We will focus on two products-- cheddar cheese, which here is label us Cheese American Cheddar, and then Italian cheese. In order to collect both data, we need to hold the Control button down. So if we push Control, then we can select multiple data entries at once. Once we have selected the two data items that we want to download from the domain, we select Total, which in this case is the only option available.

Then we need to select the geographic level at which we want to data. For this example we're going to use national data. So for the National Data that is the only option given to US total. Next thing that we need to select is the years. We will select years from 2005 to 2014. Last thing that we need to select is whether we want to download annual or monthly data. And we'll select Monthly.

Which months do we want to download? All of them, all the calendar months. At this point, we are ready to download the data, and we can click on Get The Data. You will see a new screen appearing. Once the information appears on the screen, let's just quickly assess whether the data that we wanted to download had actually been downloaded. In this case, we have the production of cheddar cheese [INAUDIBLE] production of Italian cheeses and we have-- it takes a while to load. And we have all the data that we were looking for.

The next step is to download the file. We're going to download it as a spreadsheet. As you open the file, download it as a spreadsheet, I would suggest that you save it in Excel format. And you can use any name that you want. I'm going to call it Cheese Data, and you're going save it as an Excel workbook.

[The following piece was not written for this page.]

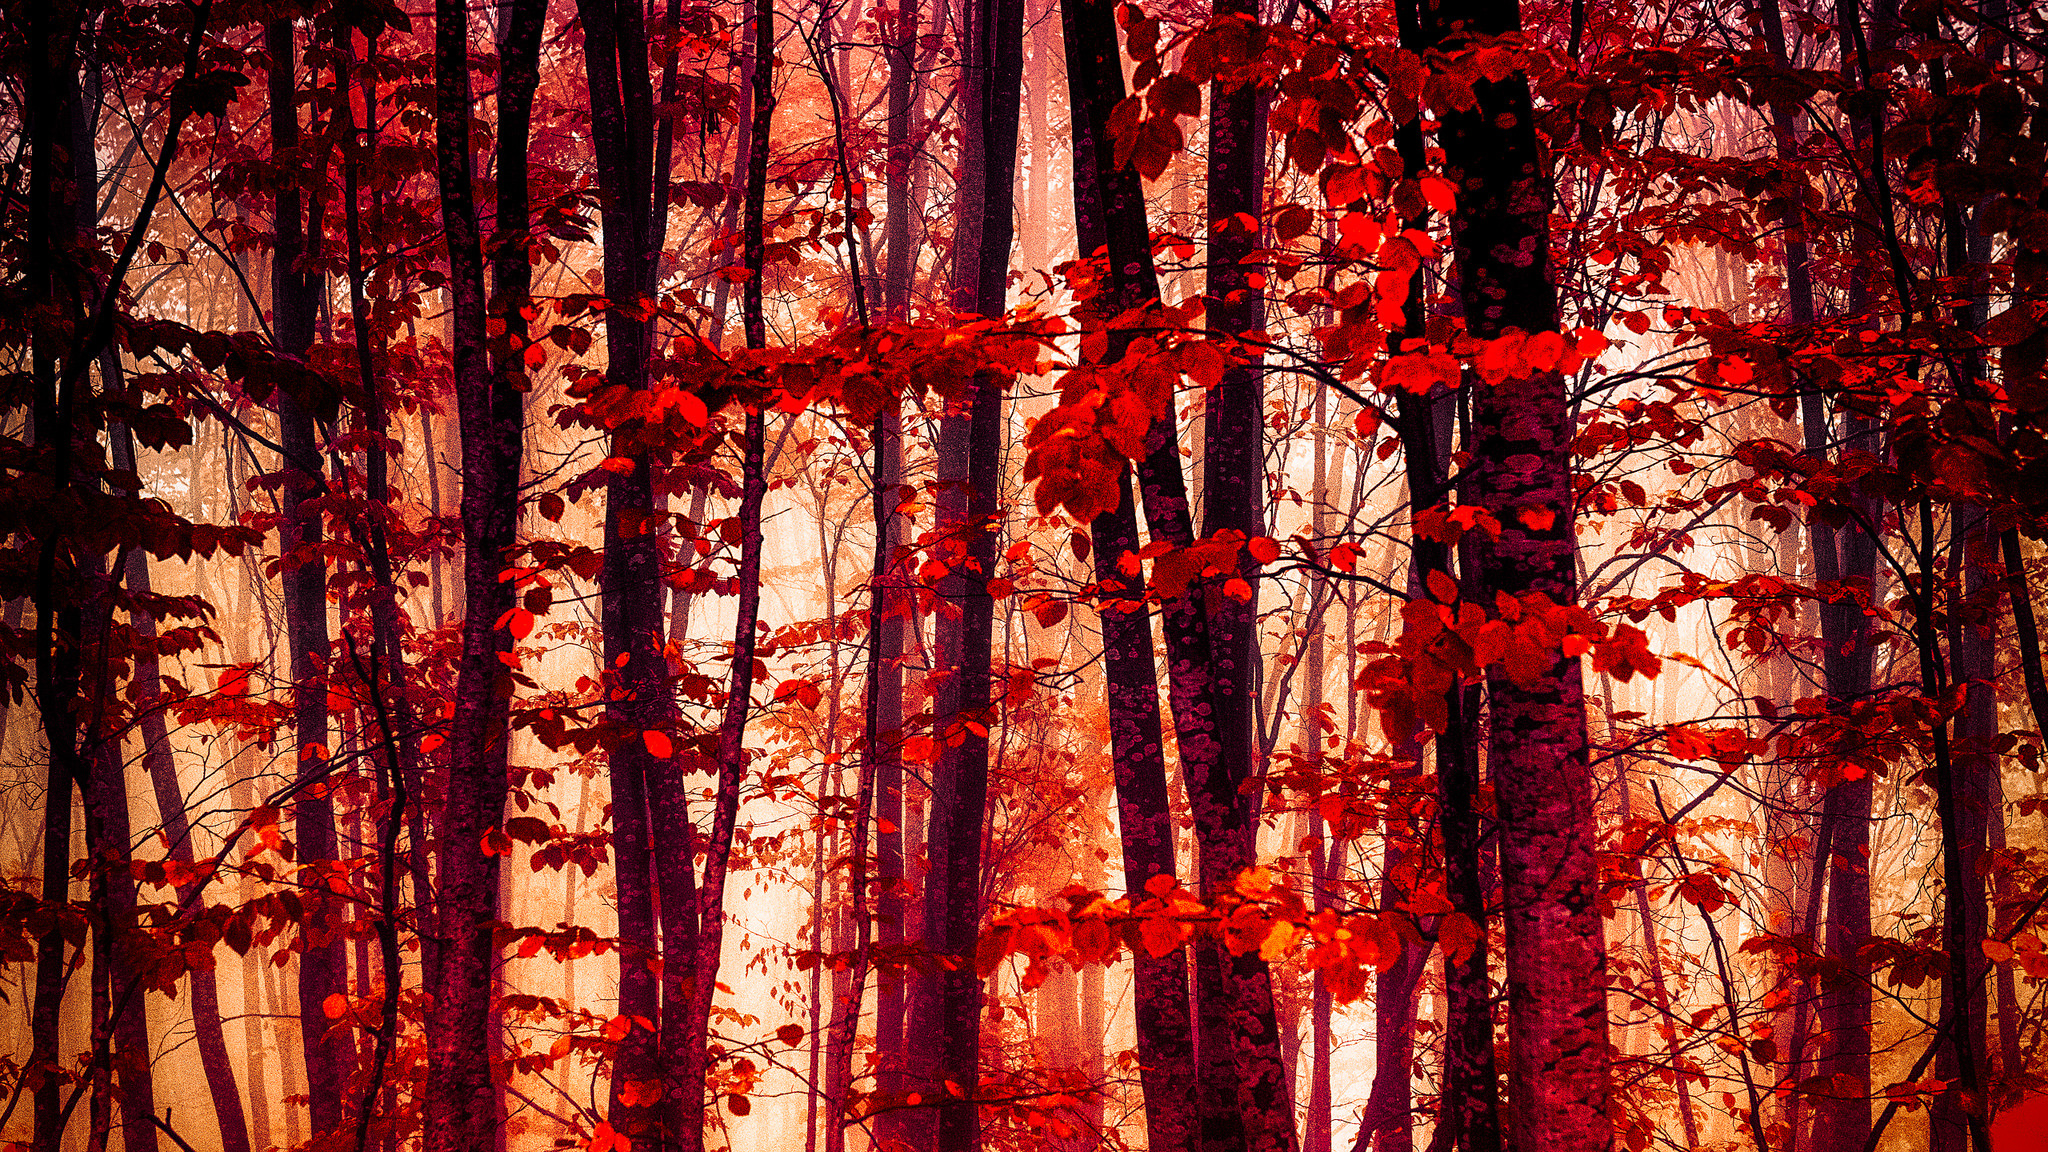 природа деревья листья осень nature trees leaves autumn  № 1036892 бесплатно
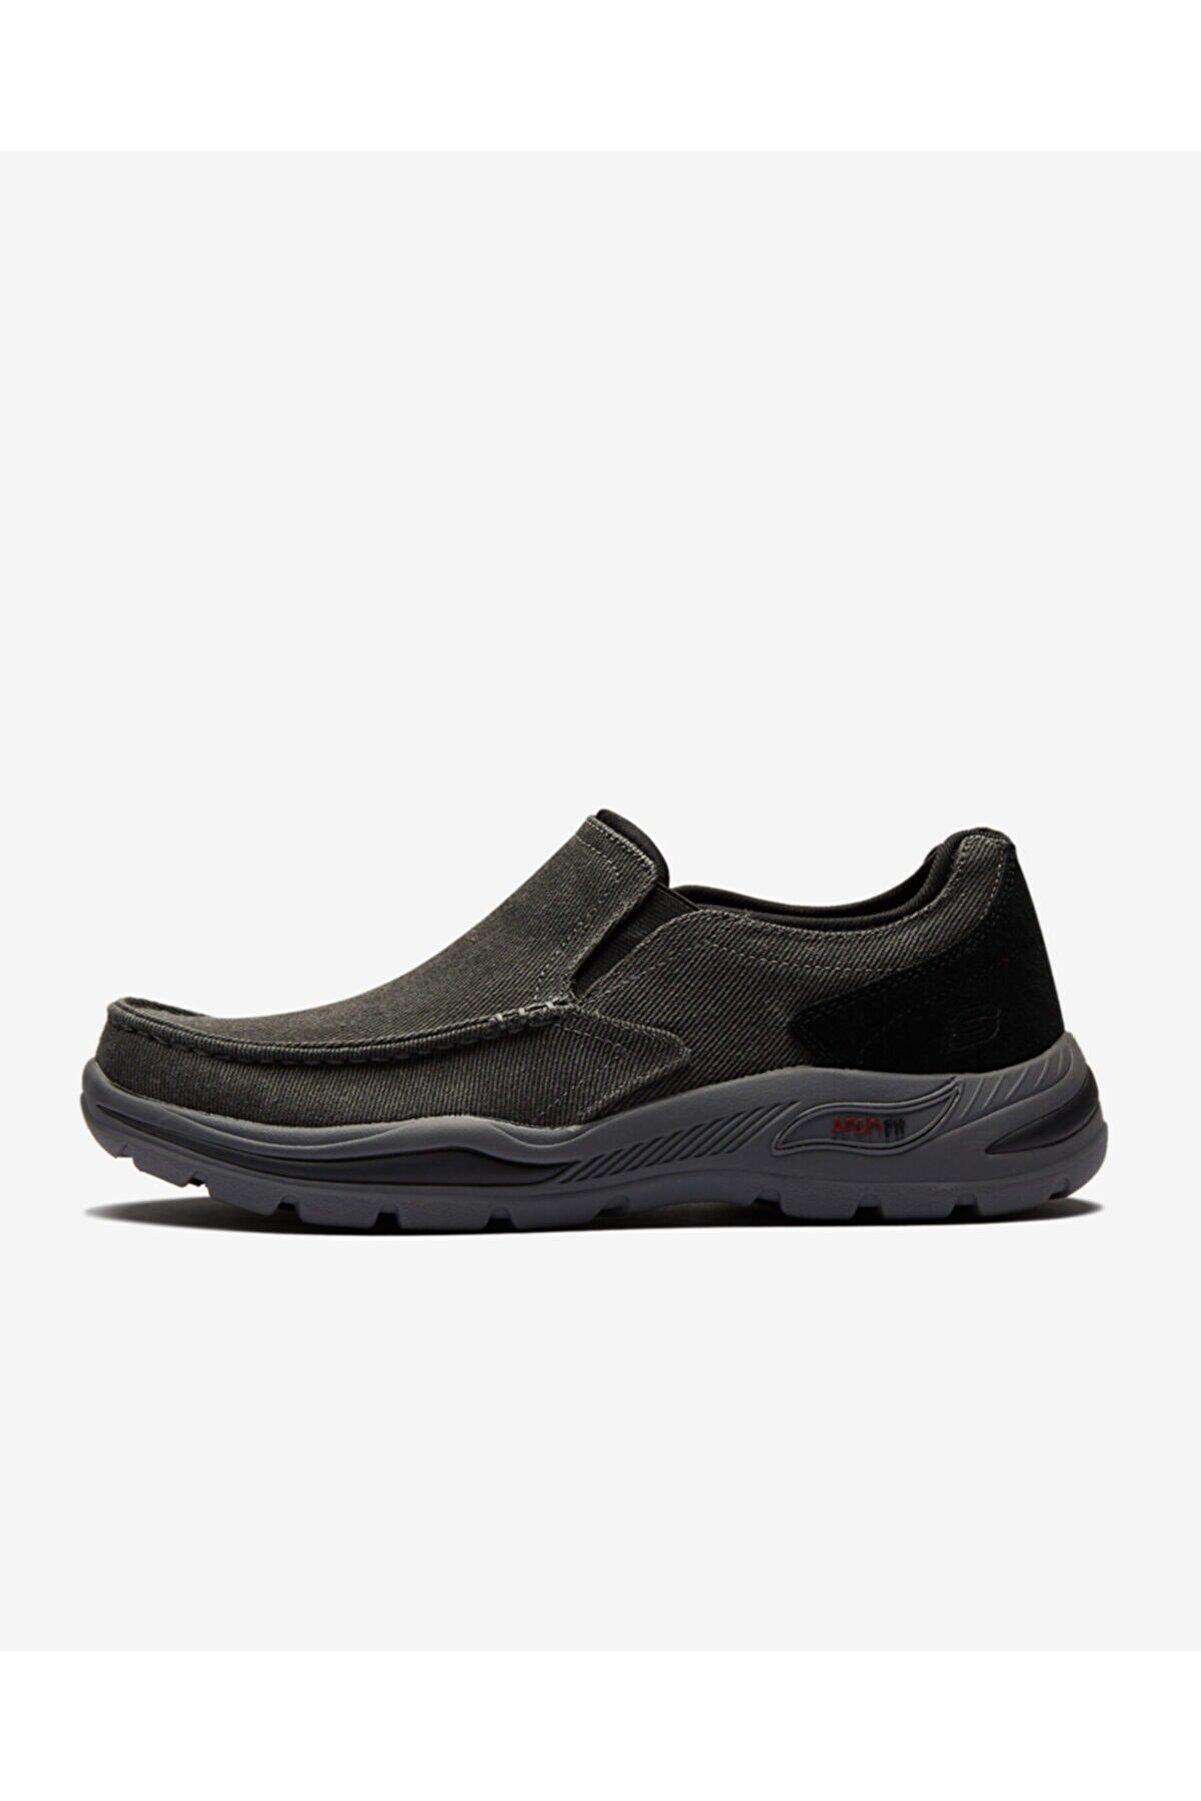 Skechers ARCH FIT MOTLEY - ROLENS Erkek Siyah Günlük Ayakkabı

We need to do quite a bit of data manipulation in order to have the data ready to be analyzed. The first thing that you are going to do is to eliminate columns, which in this specific case-- beware, not in all the cases-- but in this specific case are not useful for us. We would be left with the year period, the data item, which is-- the data item color, which contains the indication of the different types of products that we are analyzing, and last, the value.

In order to use this data though, we need to order them in a way that we can evaluate-- and this is the goal of this tutorial-- how much the production of both products have changed over time. So we need to go to Data and Sort. We need to sort the variables using three different levels. In the first level, we're going to do data item. In the second, we're going to use the year. In the third level, we're going to use the period, which is the month.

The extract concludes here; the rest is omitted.